Provided data
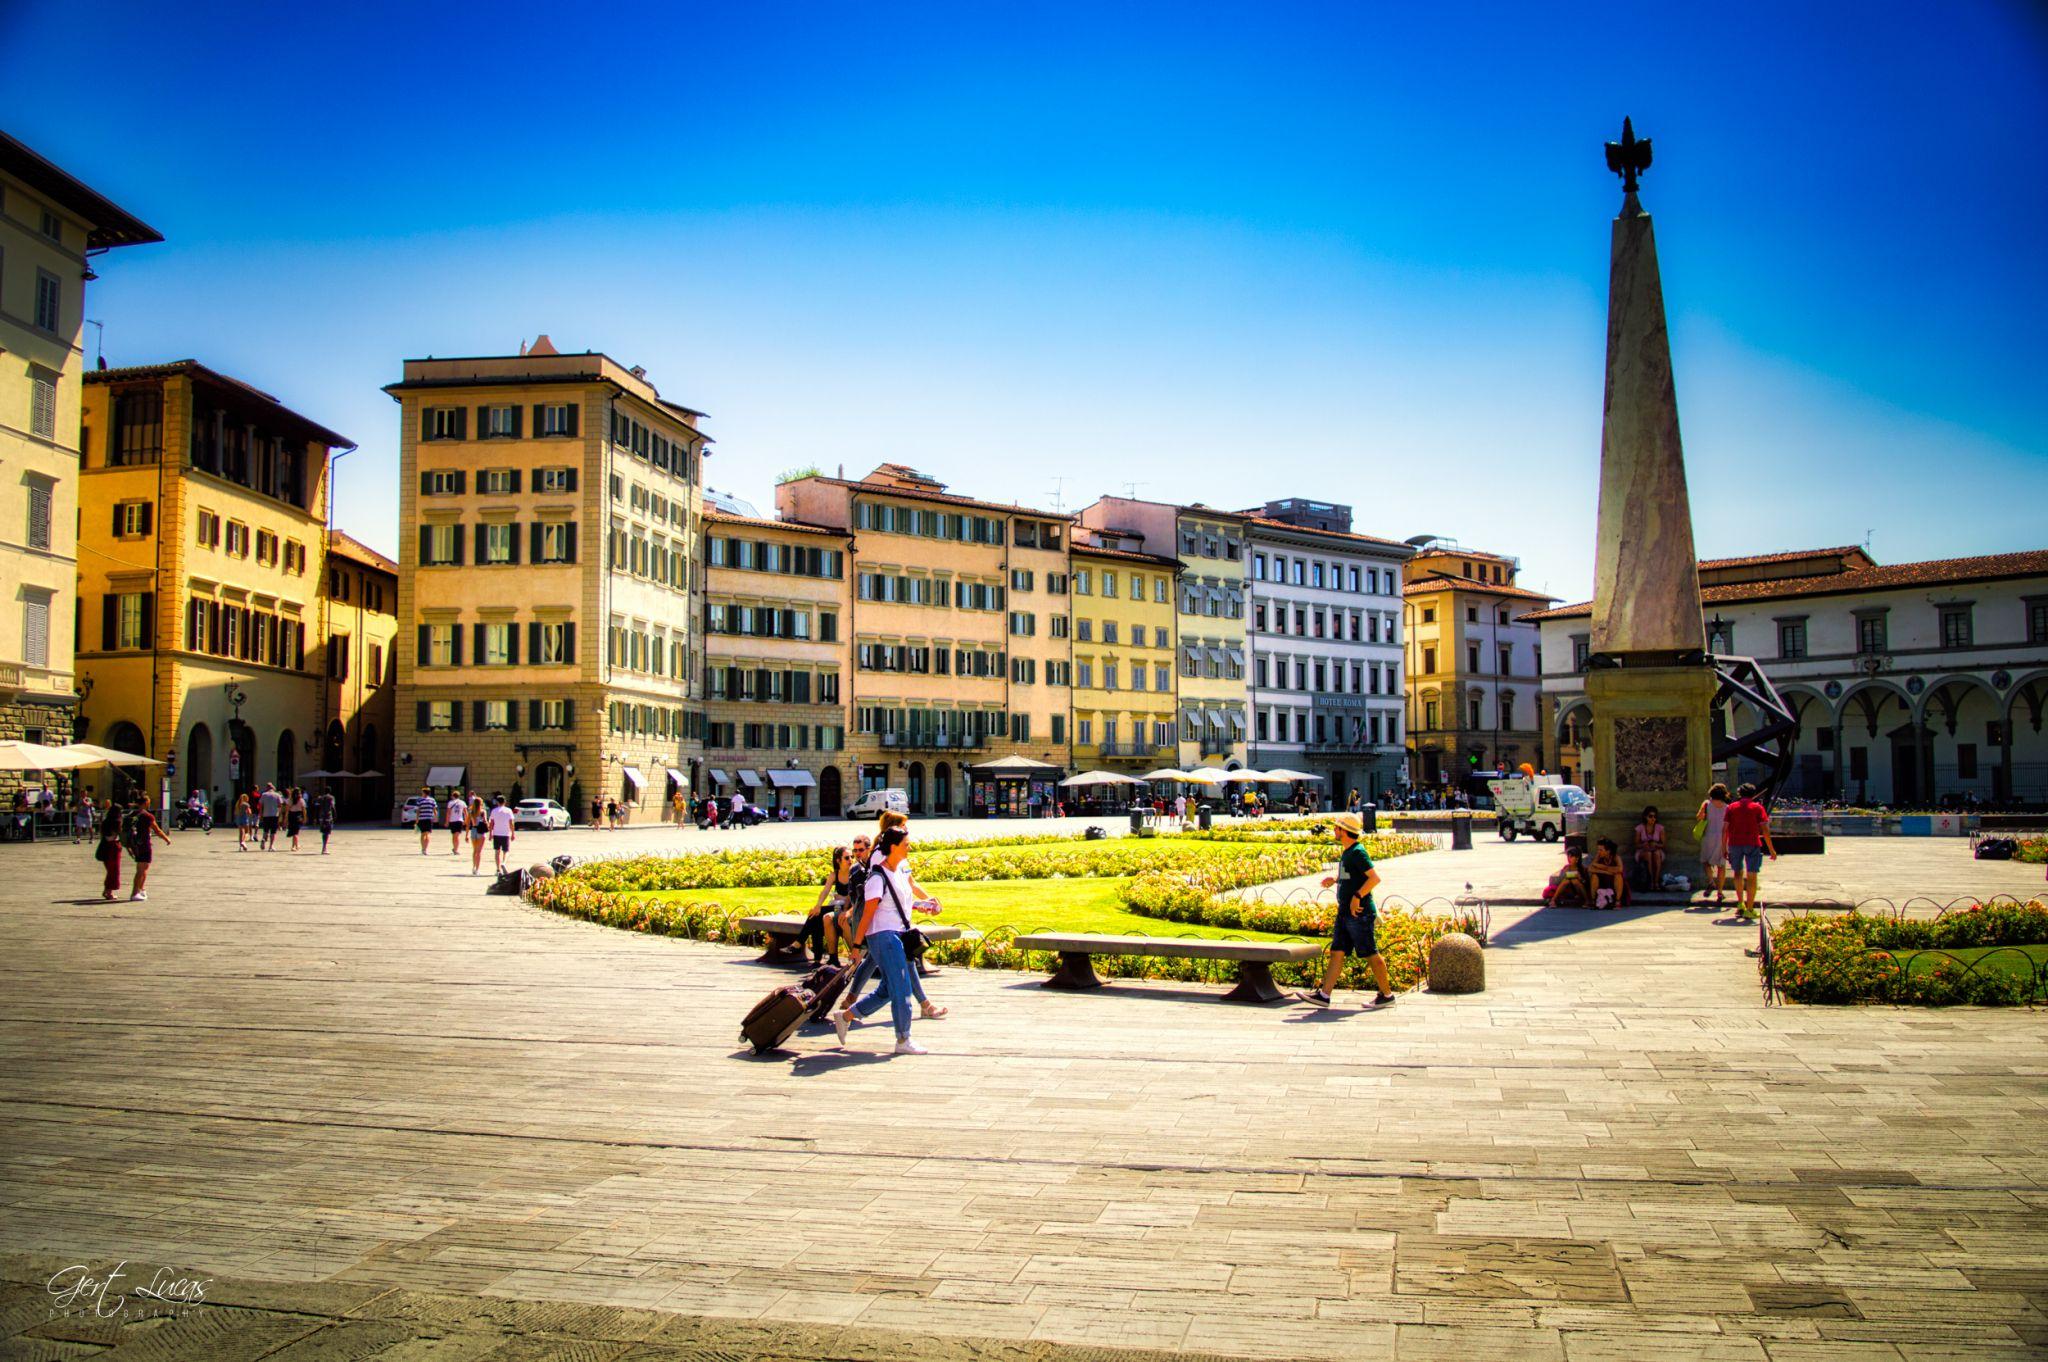 Piazza Di Santa Maria Novella, Italy
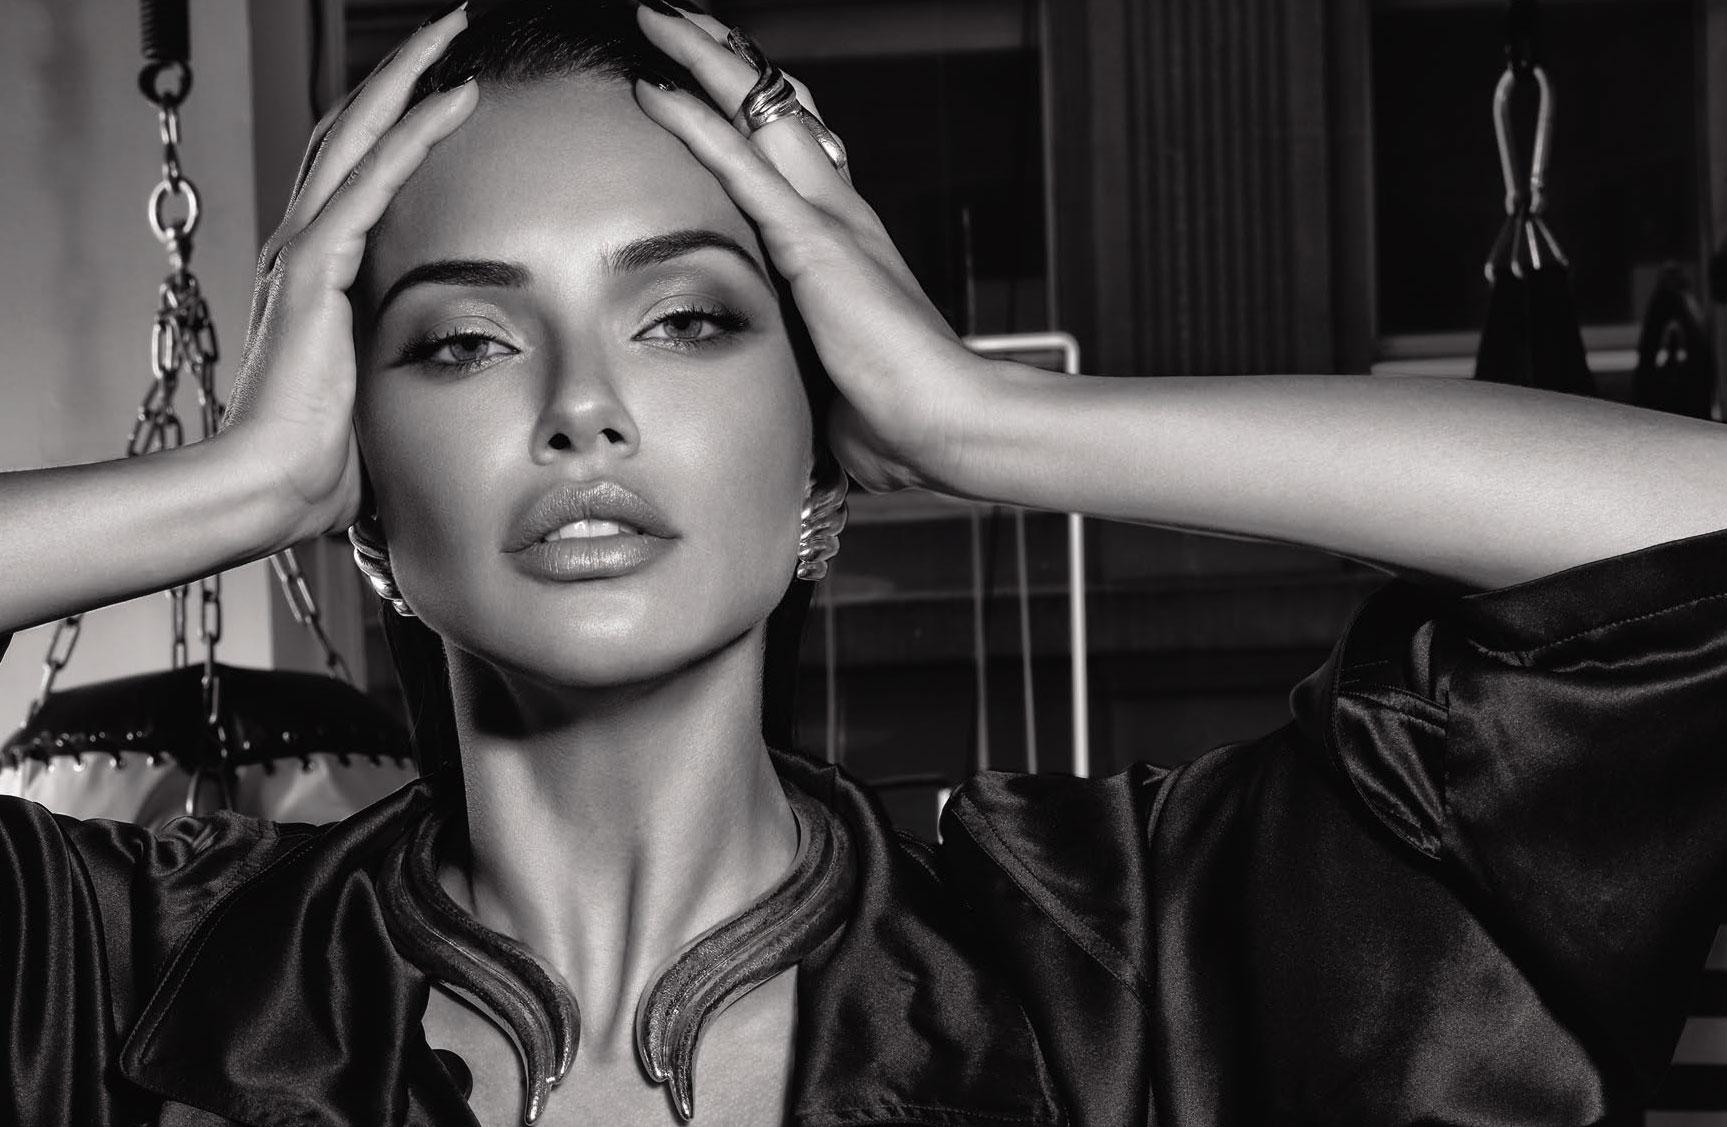 Супер-женщина Адриана Лима в журнале Numero Россия / фото 11
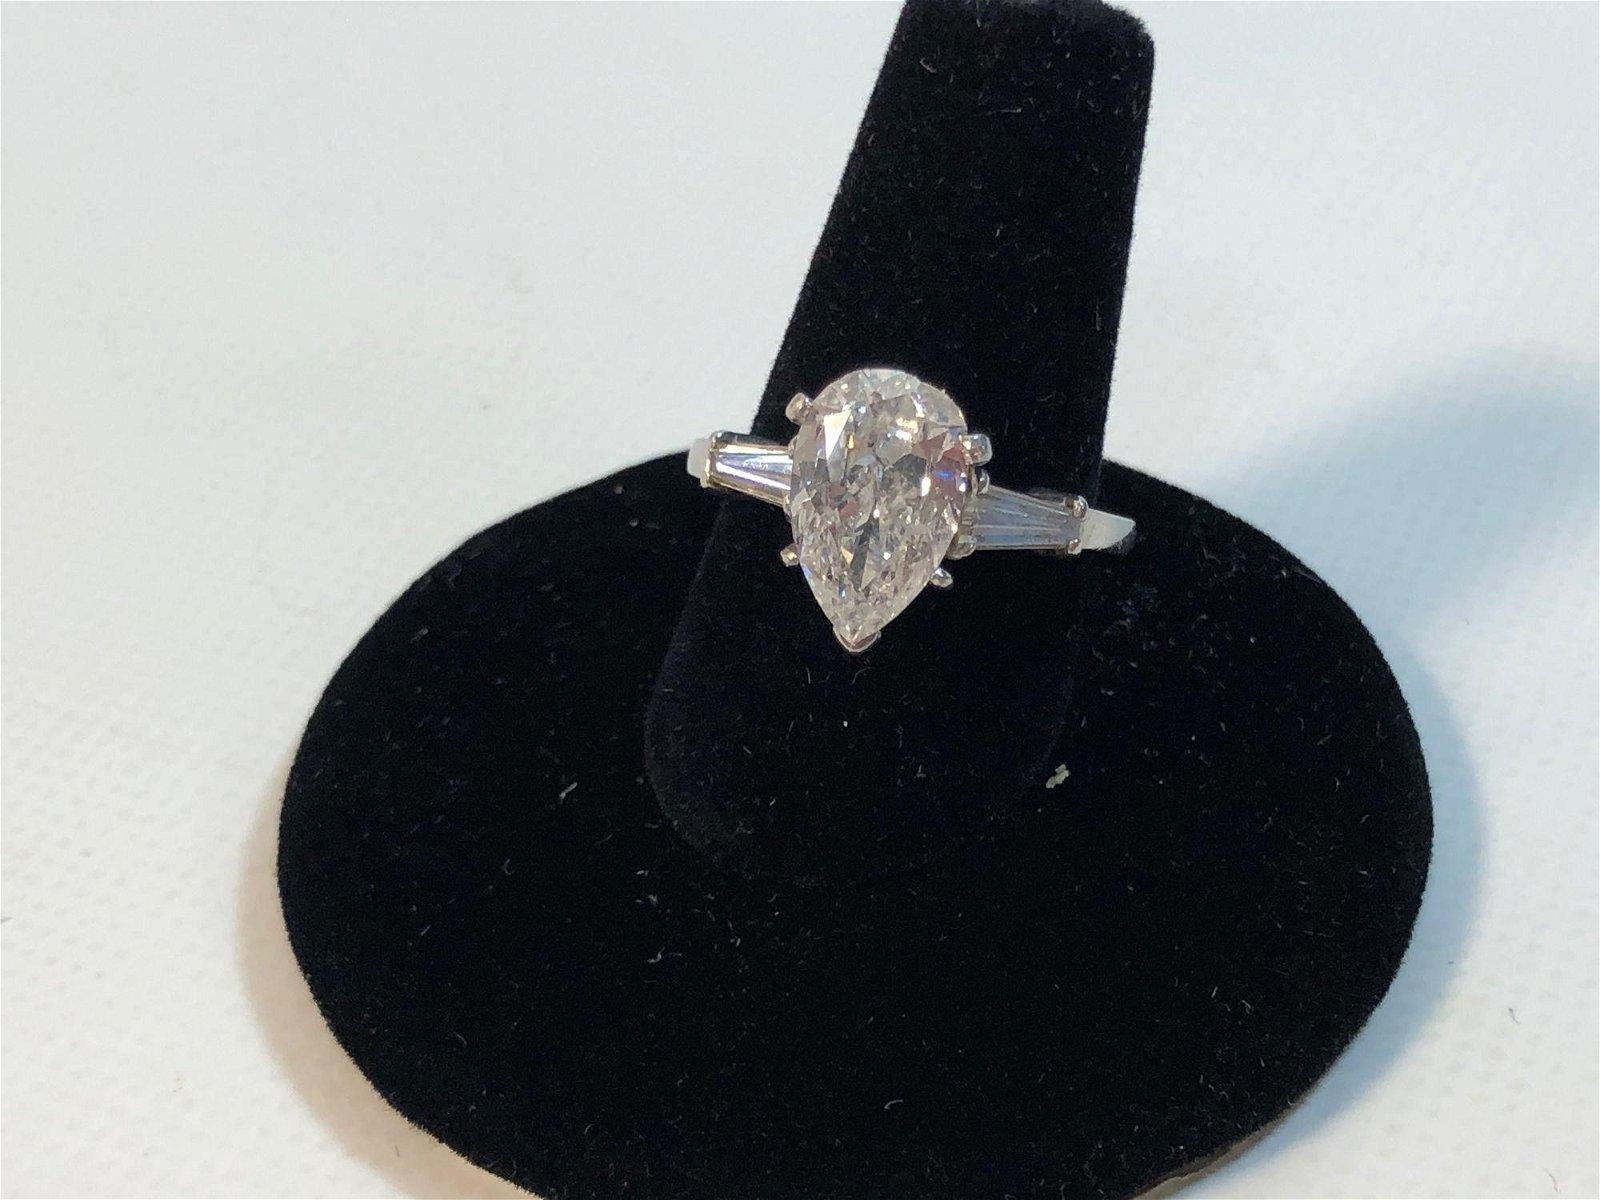 RING MOUNT WITH LOOSE DIAMOND ~ PEAR CUT DIAMOND 1
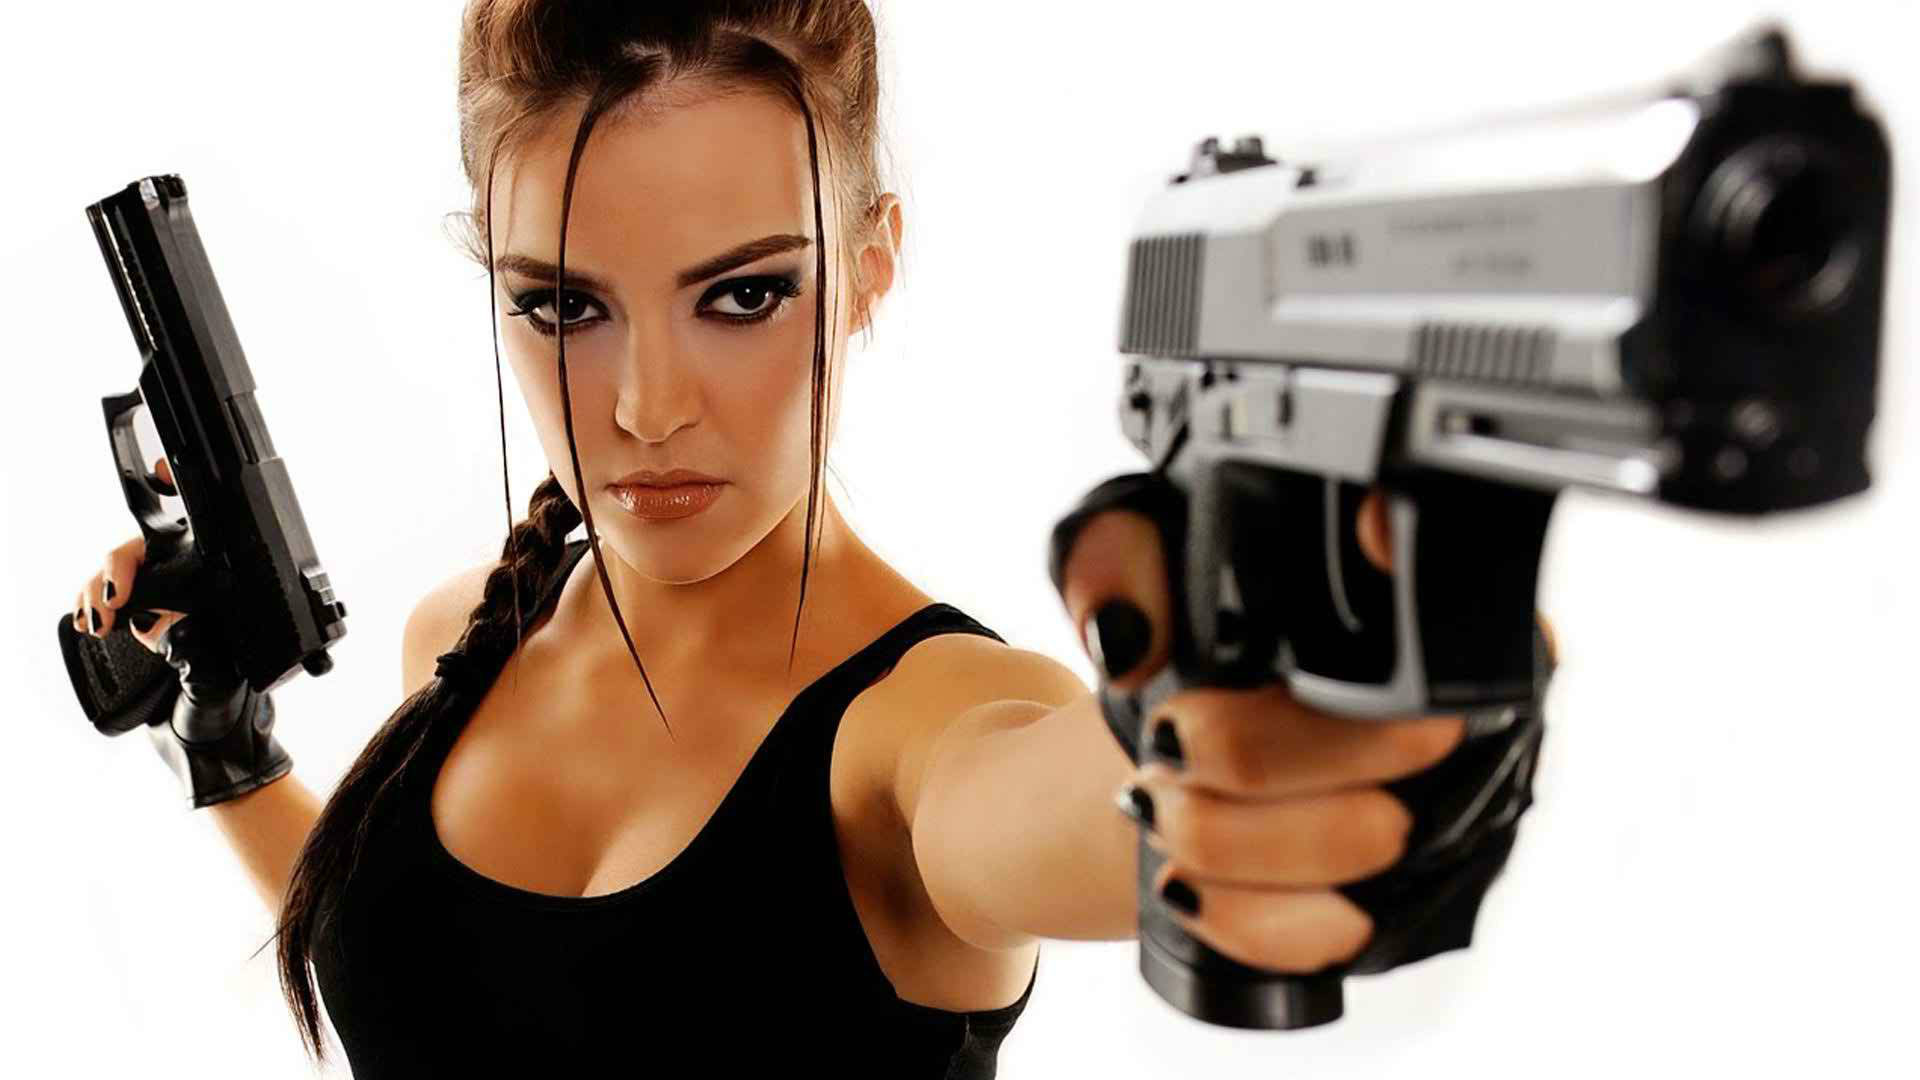 Guns Wallpaper Beautiful Girl with Guns

Task
Print all the material above exactly, and drop the images.

Written answer
 Piazza Di Santa Maria Novella, Italy
 Супер-женщина Адриана Лима в журнале Numero Россия / фото 11
 RING MOUNT WITH LOOSE DIAMOND ~ PEAR CUT DIAMOND 1
 Guns Wallpaper Beautiful Girl with Guns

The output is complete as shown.